With “Bloom, Baby Bloom,” Wolf Alice accept their role as rock gods
The British band return with the first taste of their new album, The Clearing.
Rachel Fleminger Hudson
It’s appropriate that the first new Wolf Alice song in four years deals with the notion of revival. Getting the band back together is far from Ellie Rowsell’s mind, though. She cycles through anger, pain, and self-belief on “Bloom, Baby Bloom,” a song that uses masculine rock star tropes to underline her experiences as a woman. Rowsell’s vocal gymnastic routine begins with an opening verse delivered in falsetto where she lashes out at a “fucking baby, baby man” and flicks him into obscurity with the sharp, “See this fire in my eyes boy, that’s your flash in the pan.” A jazzy piano filling in the gaps of his deceit.
The derision isn’t all aimed in one direction, though. Rowsell admits her scorn is masking her own shortcomings and she pleads for an opportunity to drop her guard. “I’m so sick and tired of trying to play it hard,” she howls at herself as the drums and a fizzing bassline kick in. The frustration of trying to be a woman who is strong, confident, and in control while being at the mercy of yet another disappointing man spews out and lands in her own lap, leaving her in a mess she’s inevitably left to clear up alone.

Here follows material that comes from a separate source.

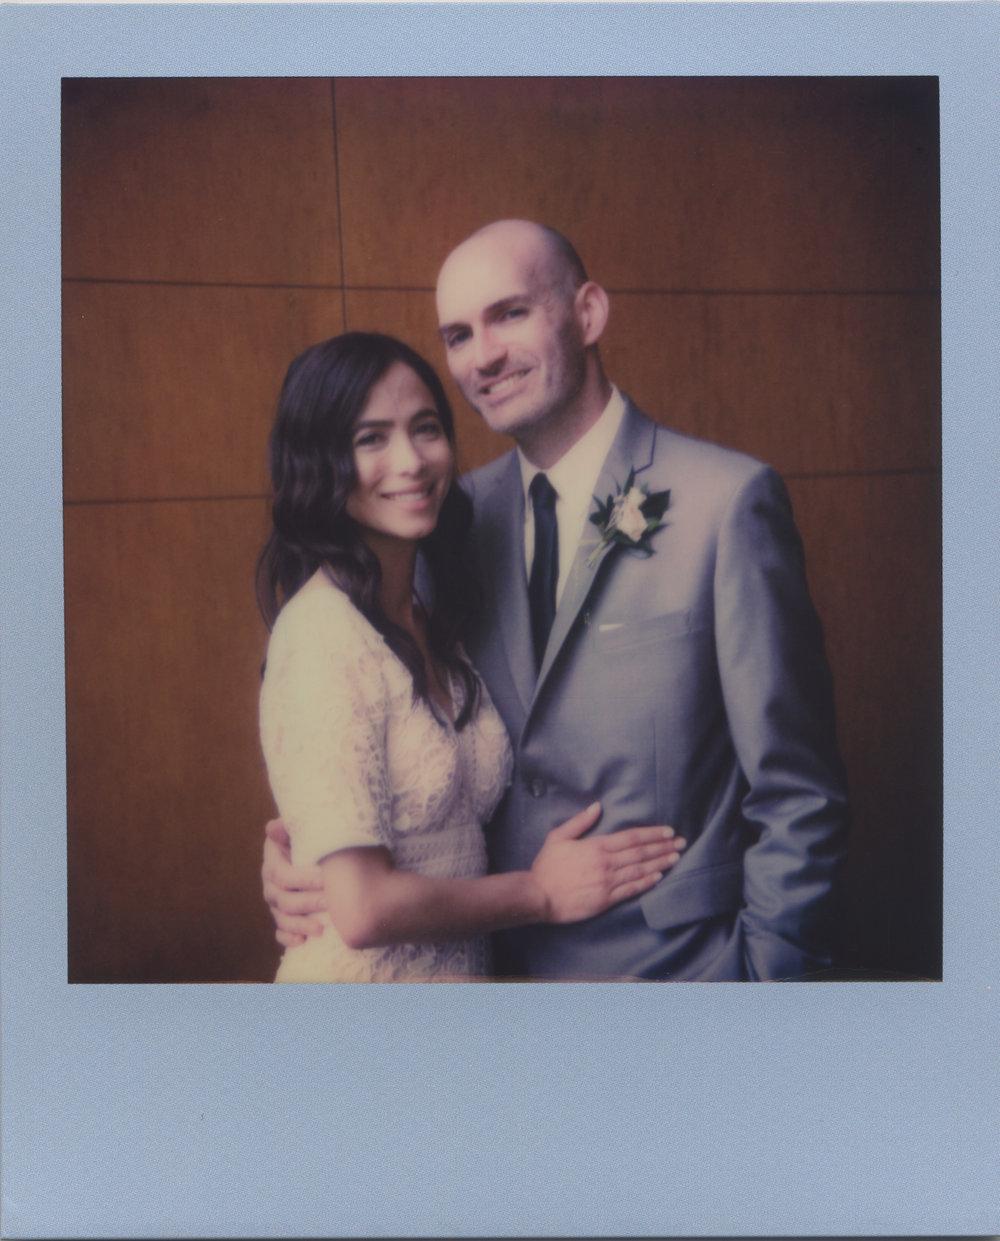 polaroidoriginal_nikitagross_wedding (2).jpeg

“Bloom, Baby Bloom” is the first single from Wolf Alice’s new album The Clearing, due August 29. It feels instructive that the artwork is a solo image of Rowsell, her bandmates nowhere to be seen. In press materials for the song, she says she wanted to subvert the macho and histrionic Guns N’ Roses sound while explaining that she is no longer afraid of being dismissed as a “girl singer.” With that in mind “Bloom, Baby Bloom” is an impressive act of self-aggrandizement, not from a place of egotistical striving but a deep-seated acceptance of strength: “Watch me and you’ll see just what I’m worth.”